• [Collected data]
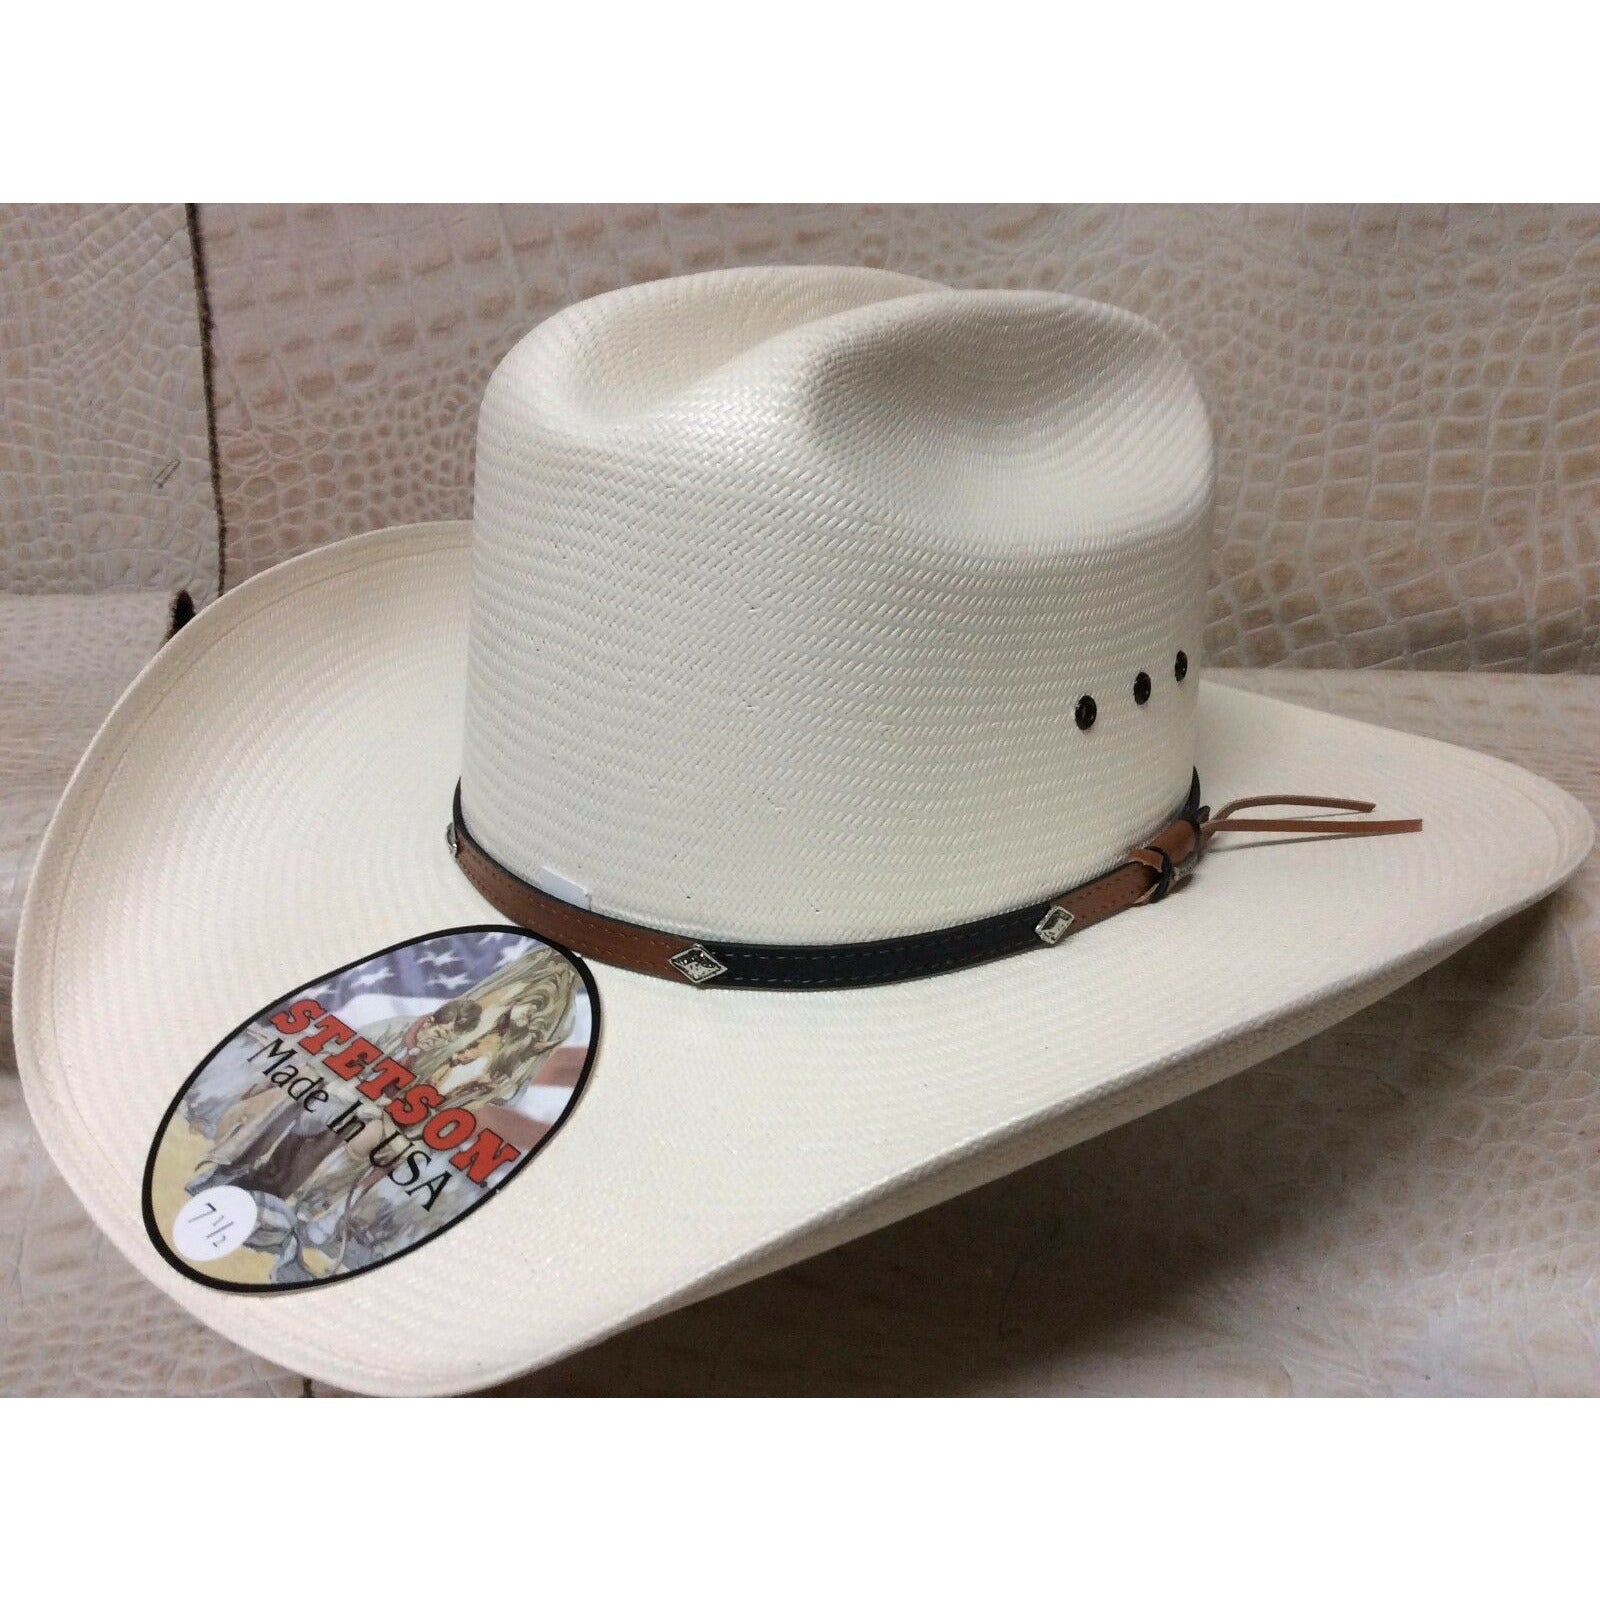 Stetson 10x Grant Western Classic Cowboy Straw Hat - CWesternwear
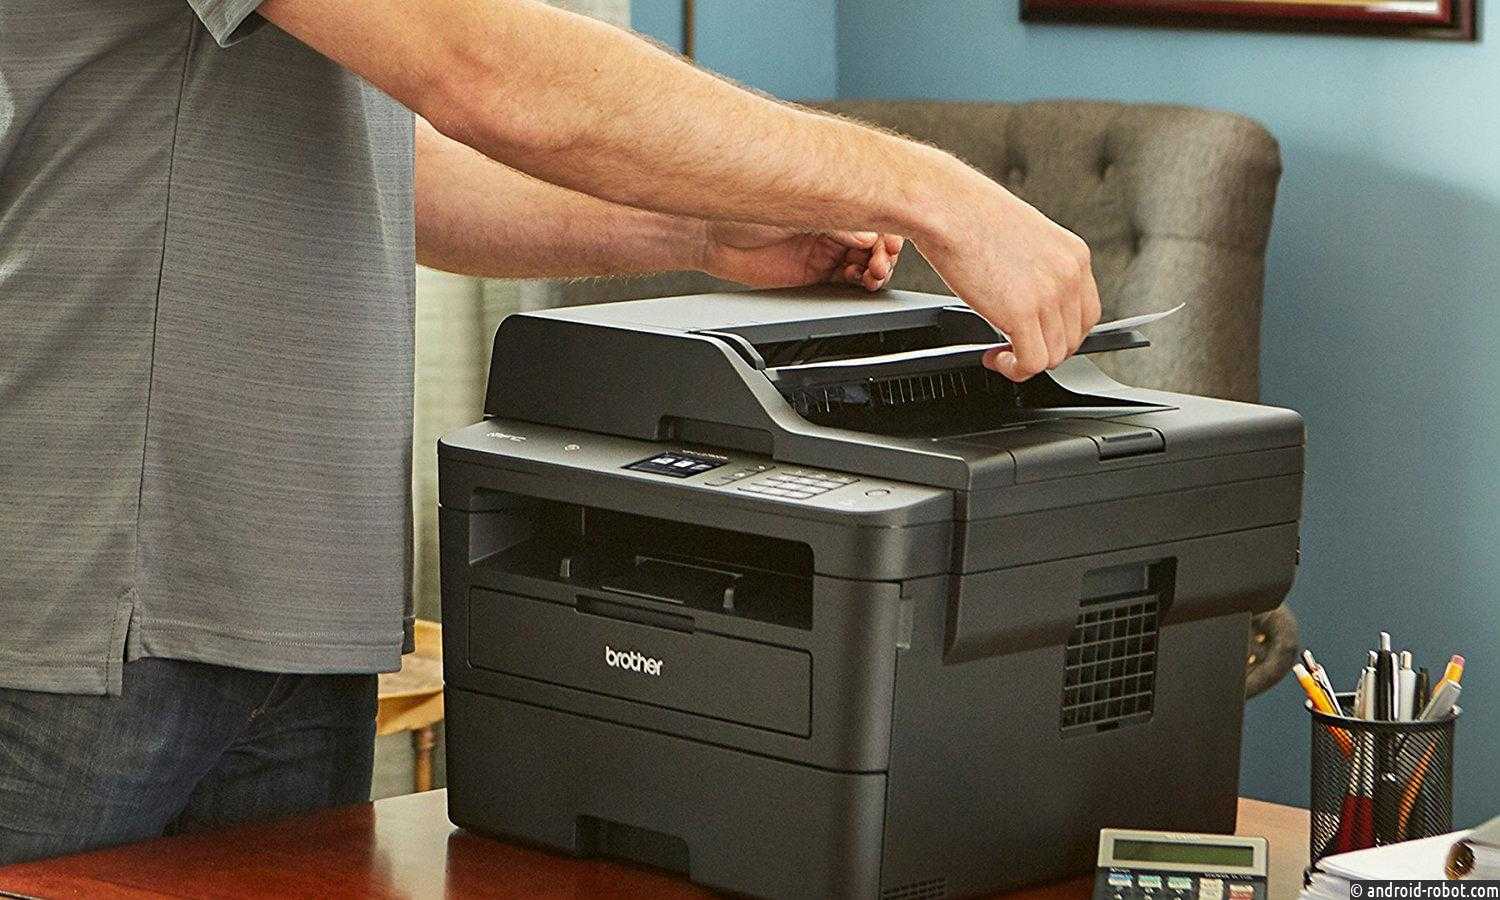 Какой принтер выбрать – струйный или лазерный. сравнительная характеристика технологий печати
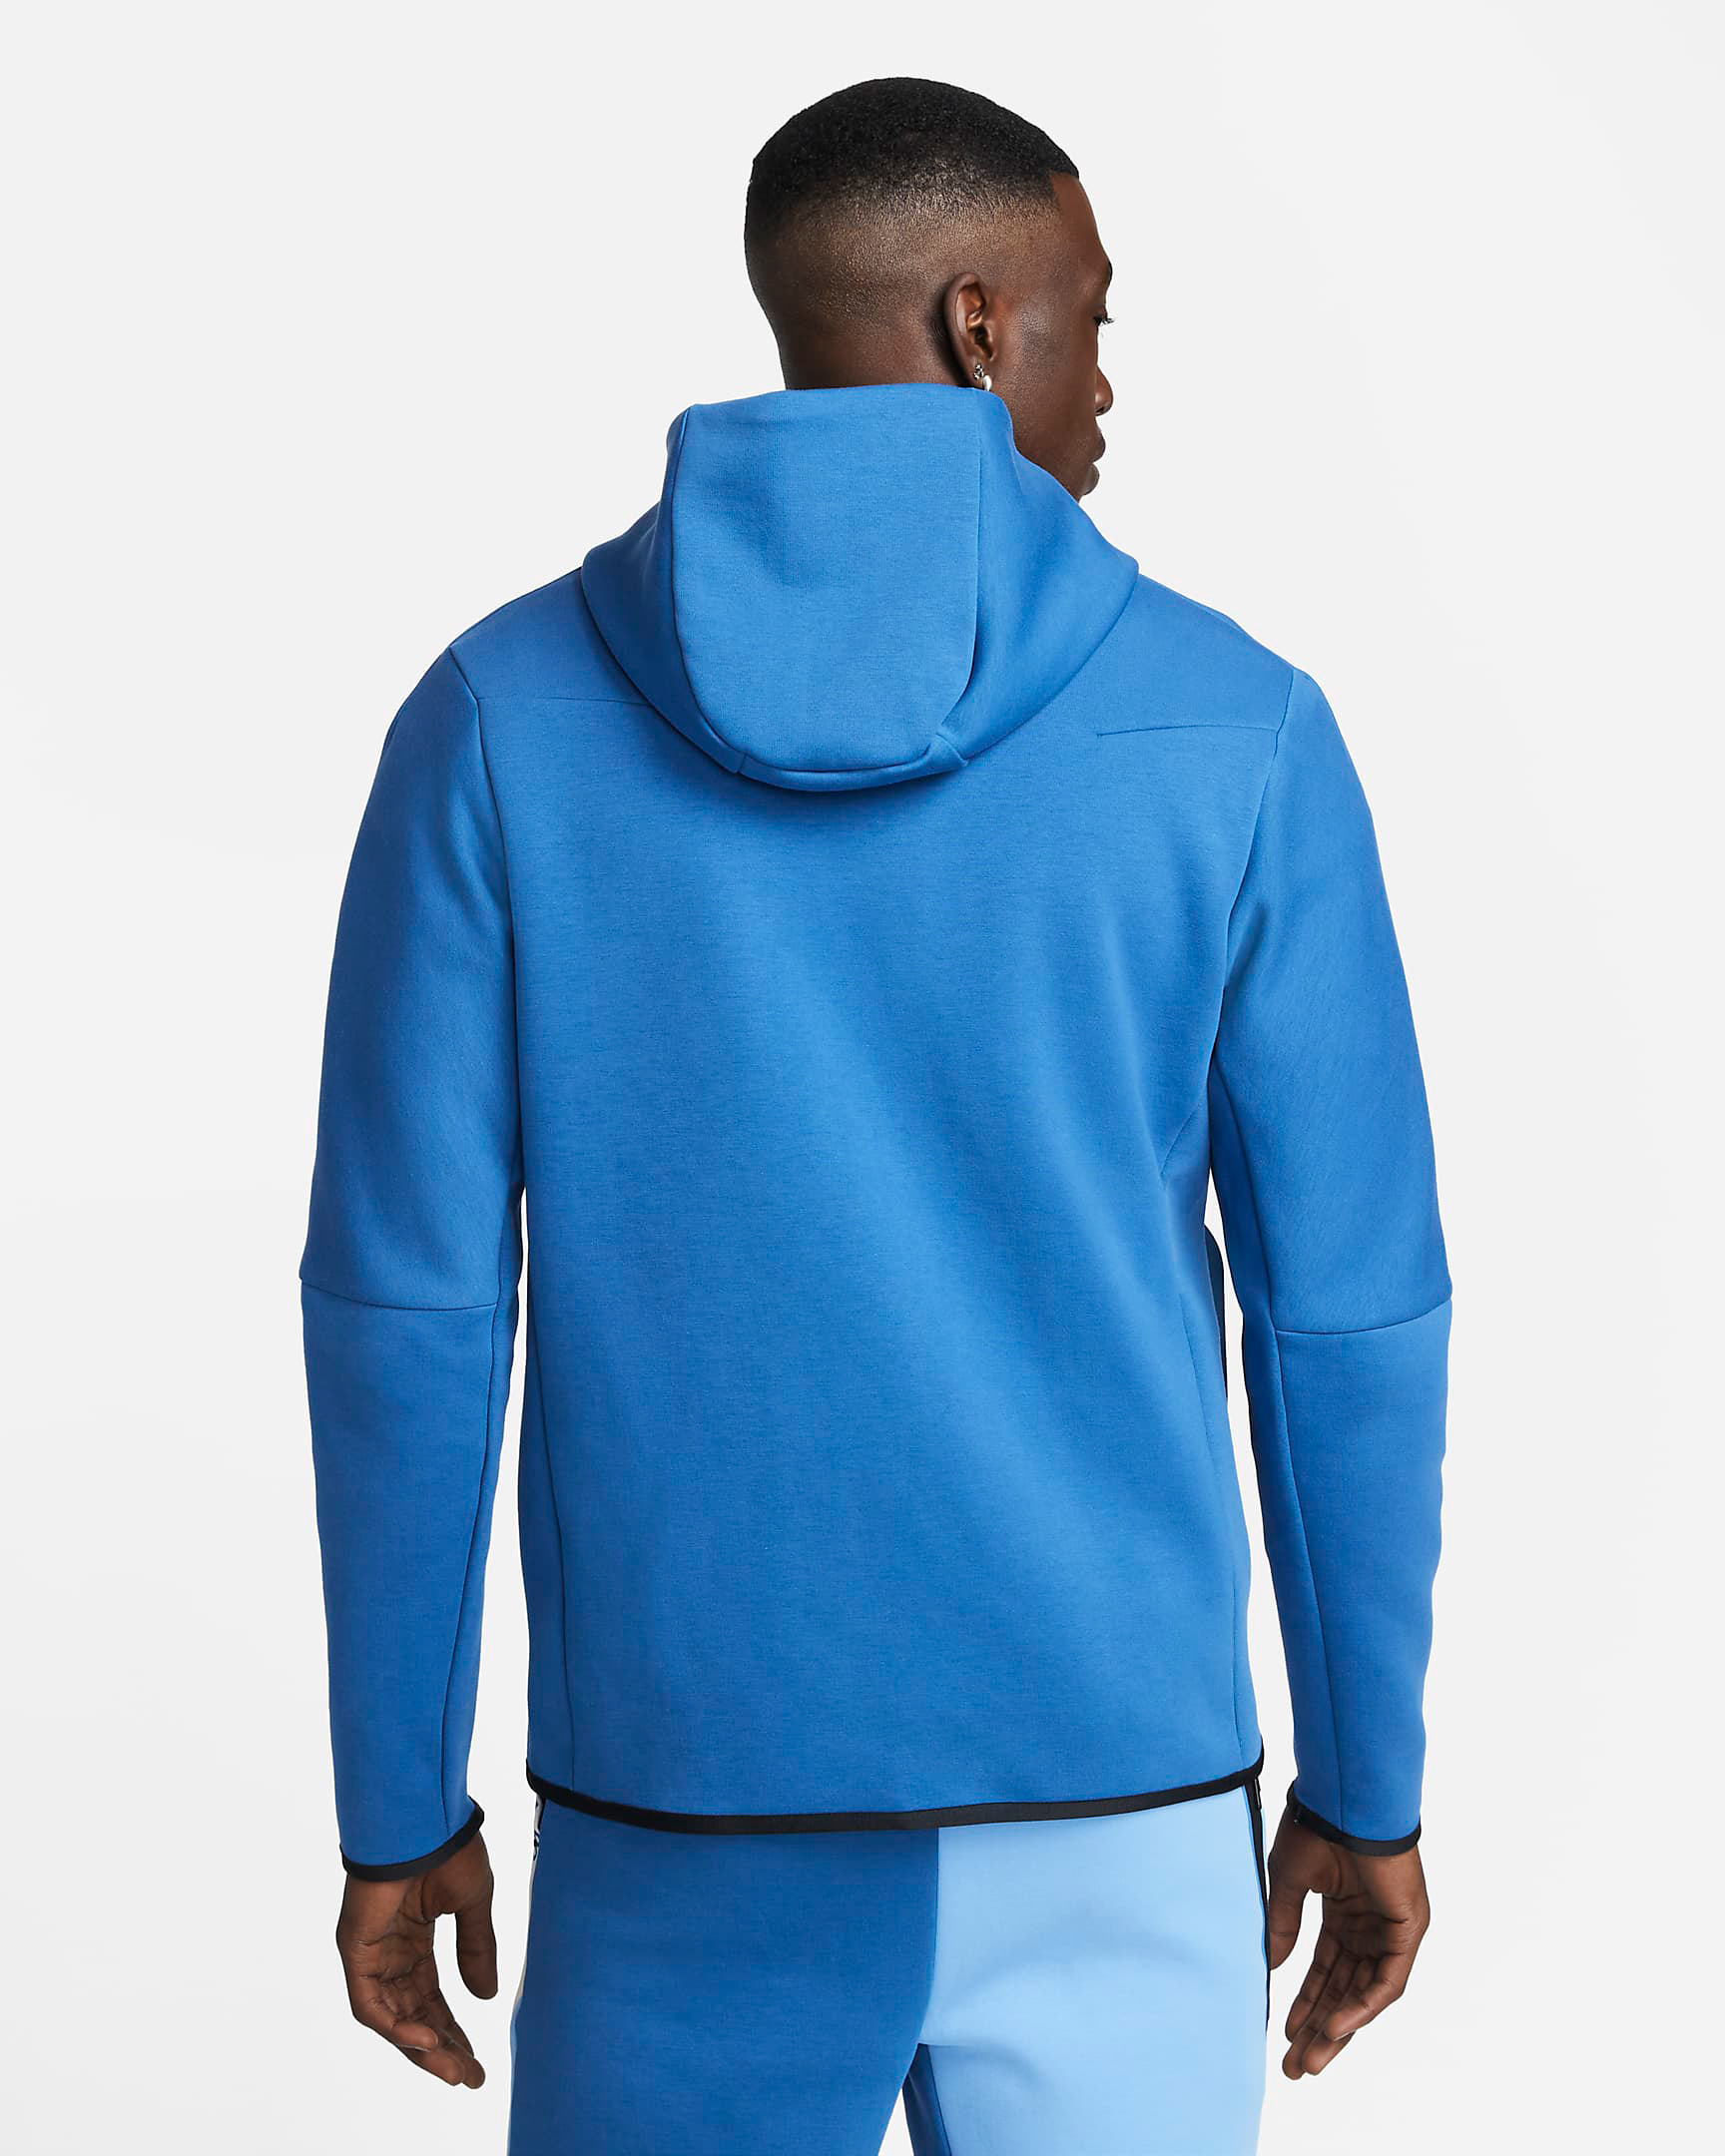 nike-tech-fleece-hoodie-dark-marina-blue-2

• [Exercise goal]
Any images must be dropped; all other material is to be printed exactly.

• [Reply]
 Stetson 10x Grant Western Classic Cowboy Straw Hat - CWesternwear
 Какой принтер выбрать – струйный или лазерный. сравнительная характеристика технологий печати
 nike-tech-fleece-hoodie-dark-marina-blue-2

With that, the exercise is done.